Now, if nuclear proliferation is something that most states consider politically undesirable and nuclear disarmament is not feasible in terms of realpolitik, how should we deal with the effects of a clearly precarious and unjust nuclear peace? The bitter answer is that we must first put up with the limits of a system that we ourselves, in the West, have helped to create and maintain over several decades. Doing so without pushing those limits to a breaking point in response to the war in Ukraine will be the second task facing us in the weeks, months, and perhaps years to come. If possible and acceptable, the West will continue to funnel weapons to help the Ukrainians defend themselves. In doing so, NATO must keep in mind two fundamental objectives: close policy coordination in the Alliance and walking the fine line between military support and avoiding unacceptable risks of escalation. In particular, in relation to internal coordination, it seems that the Alliance has to clarify itself and come to an agreement in view of the differences that have been made public on the possible delivery of Polish fighters to Ukraine.

Furthermore, Western countries would do well to continue to take note of Putin's nuclear threats and condemn them, without intending to imitate them. Russian vileness must not tempt us to follow his example. Finally, NATO will soon have to face the task of reinforcing the security of its Eastern allies. It will be necessary to determine the capabilities that in that sense best deter Russia through a detailed internal analysis that will be carried out under enormous time pressure due to the new geopolitical situation. The limited effectiveness of Russian nuclear threats against NATO and the continuing ability of each of the parties to deter the other in a direct conflict supports the argument focused on strengthening the conventional capabilities of the Alliance's eastern flank. It remains to be shown that a larger number of NATO nuclear weapons can change such a state of affairs. However, given its diminished conventional capabilities (as a result of the war), Russia may become even more dependent on short- and medium-range dual-capable systems in the future. That, in turn, will increase the pressure on Europe's NATO allies in the nuclear dimension. Germany is already experiencing a lively debate about the benefits of increased missile defense for the country and its eastern neighbors.

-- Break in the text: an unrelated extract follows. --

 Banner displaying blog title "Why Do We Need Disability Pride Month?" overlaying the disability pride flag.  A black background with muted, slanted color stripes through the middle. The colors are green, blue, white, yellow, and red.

However, even such a precarious and unjust nuclear peace will require elements of cooperation. If Russia is interested in a modicum of stability and risk reduction in the future, arms control will have to return to its original military task as a stabilizing element of mutual deterrence. In this sense, arms control must be understood again as a “complement to deterrence and defense”, as the new German Foreign Minister, Annalena Baerbock, recently said.

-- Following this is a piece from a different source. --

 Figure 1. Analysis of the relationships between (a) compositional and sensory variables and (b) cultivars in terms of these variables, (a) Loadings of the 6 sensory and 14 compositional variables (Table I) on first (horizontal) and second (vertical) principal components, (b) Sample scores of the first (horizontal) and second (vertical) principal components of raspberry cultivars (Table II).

For Ukraine (still at the mercy of the injustices of the nuclear peace), these considerations are of little value at this point. Until Vladimir Putin makes it clear that he is willing to accept an outcome that does not satisfy his maximalist demand for a complete demilitarization of the country, a negotiated solution seems a distant prospect. The bloodshed will not stop. However, in the long term we must consider how to organize peace, security and justice in a more participatory and equal way in a world that still has more than 12,000 nuclear warheads. 77 years have passed since Hiroshima and Nagasaki. Today the practical return to the goal of nuclear disarmament seems again to be a generational task. We cannot let another 77 years pass before the world sees global peace, security and justice.

Ulrich Kühn is director of the Arms Control and Emerging Technologies Research Area. Research Institute for Peace and Security Policy at the University of Hamburg (IFSH).